Four stories from May 18-23, 2026 reset the AI baseline. An AI autonomously cracked an 80-year-old math problem. China's flagship model overtook Gemini 3.5 Flash. Google's video model finally shipped. And the cheapest serious coding model is now roughly one-tenth the cost of the frontier.
OpenAI's autonomous math breakthrough (May 20). OpenAI announced that one of its general-purpose reasoning models autonomously disproved Paul Erdős's 1946 unit-distance conjecture. The model got the problem statement and produced the 125-page proof — no step-by-step human guidance, no completion of a partial proof. The proof uses deep algebraic number theory — Golod-Shafarevich theory and infinite class field towers — to construct an infinite family of point configurations that achieve a polynomial improvement n^(1+δ) over the square-grid bound, for some fixed δ > 0. Fields medalist Tim Gowers called the result "a milestone in AI mathematics." Princeton's Noga Alon called it "an outstanding achievement." External mathematicians (Gowers, Alon, Shankar, Tsimerman) wrote a companion paper. This is the first time AI has autonomously solved a central open problem in a major math subfield.

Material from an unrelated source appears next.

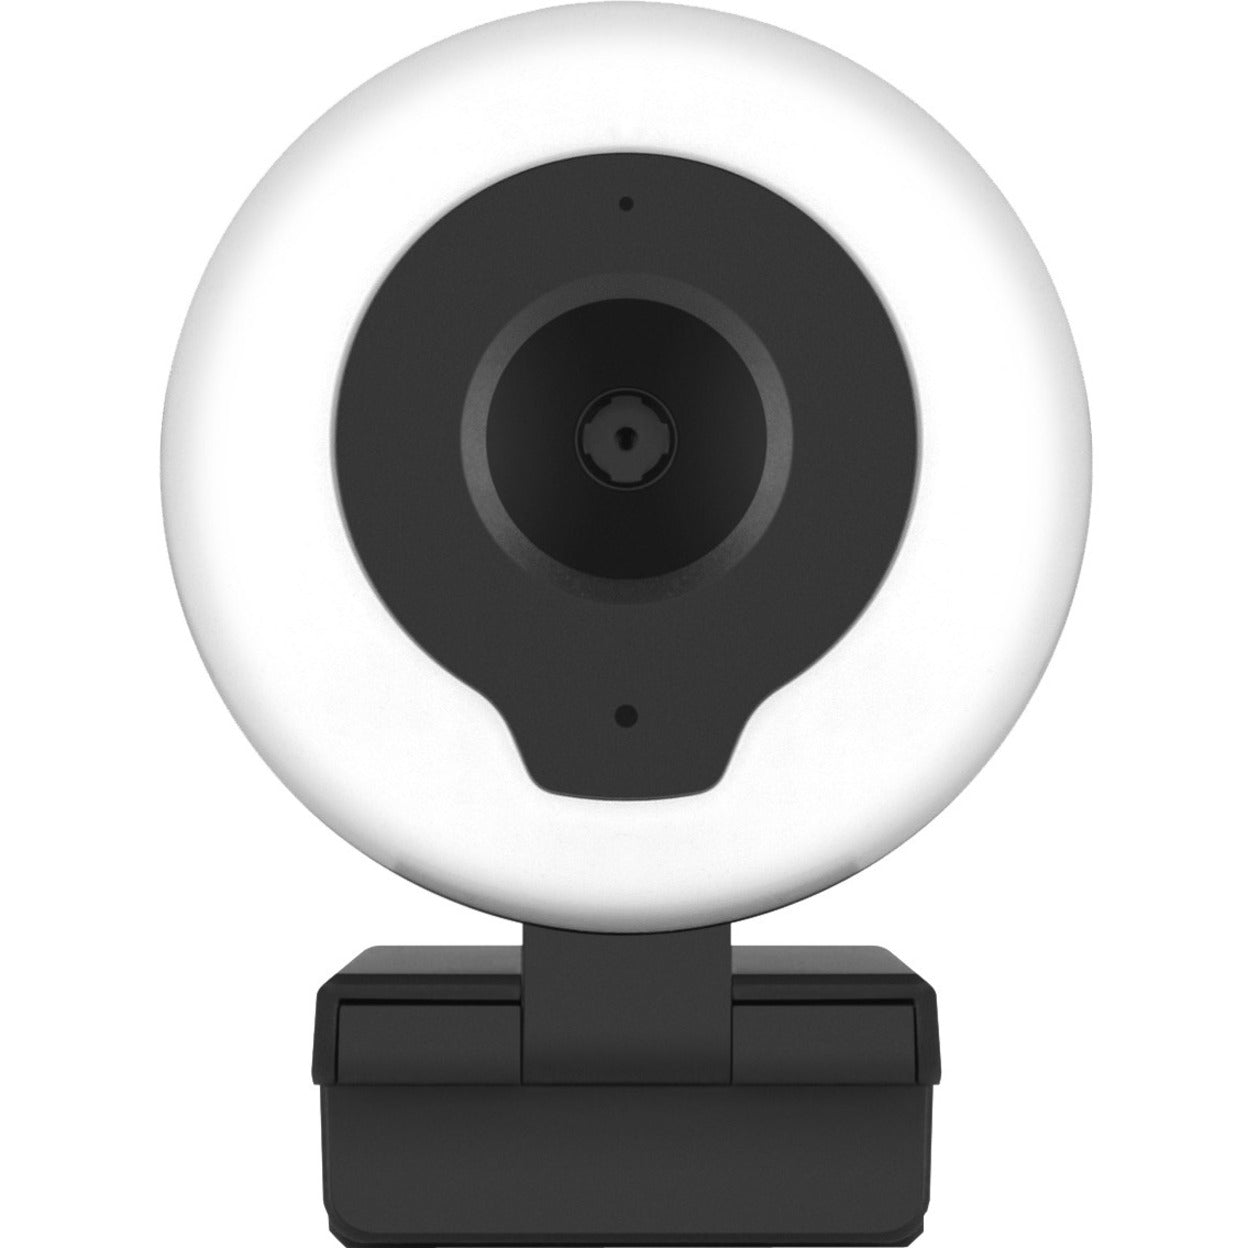 Aluratek AWCL2KFR LIVE 2K HD Ring Light Webcam with Tripod, 5 Megapixel, 30 fps, USB 2.0 Type A

Qwen 3.7 Max — China's frontier landing (May 20-21). Alibaba unveiled Qwen 3.7 Max at the Alibaba Cloud Summit in Hangzhou. It hit Intelligence Index v4.0 score 56.6, ranking 5th globally and #1 in China, ahead of Gemini 3.5 Flash. 1 million token context window. GPQA Diamond 92.4 (ahead of Claude Opus 4.6 Max at 91.3). HMMT 2026 score 97.1 (highest in its comparison group). SWE-Verified 80.4 (statistically tied with Opus 4.6 Max). Hallucination rate 22.9% — the lowest reported among frontier models. API pricing: $2.50 per million input tokens, $7.50 output, cached input drops 90% to $0.25. Two variants: Max (text-only flagship) and Plus (multimodal with vision).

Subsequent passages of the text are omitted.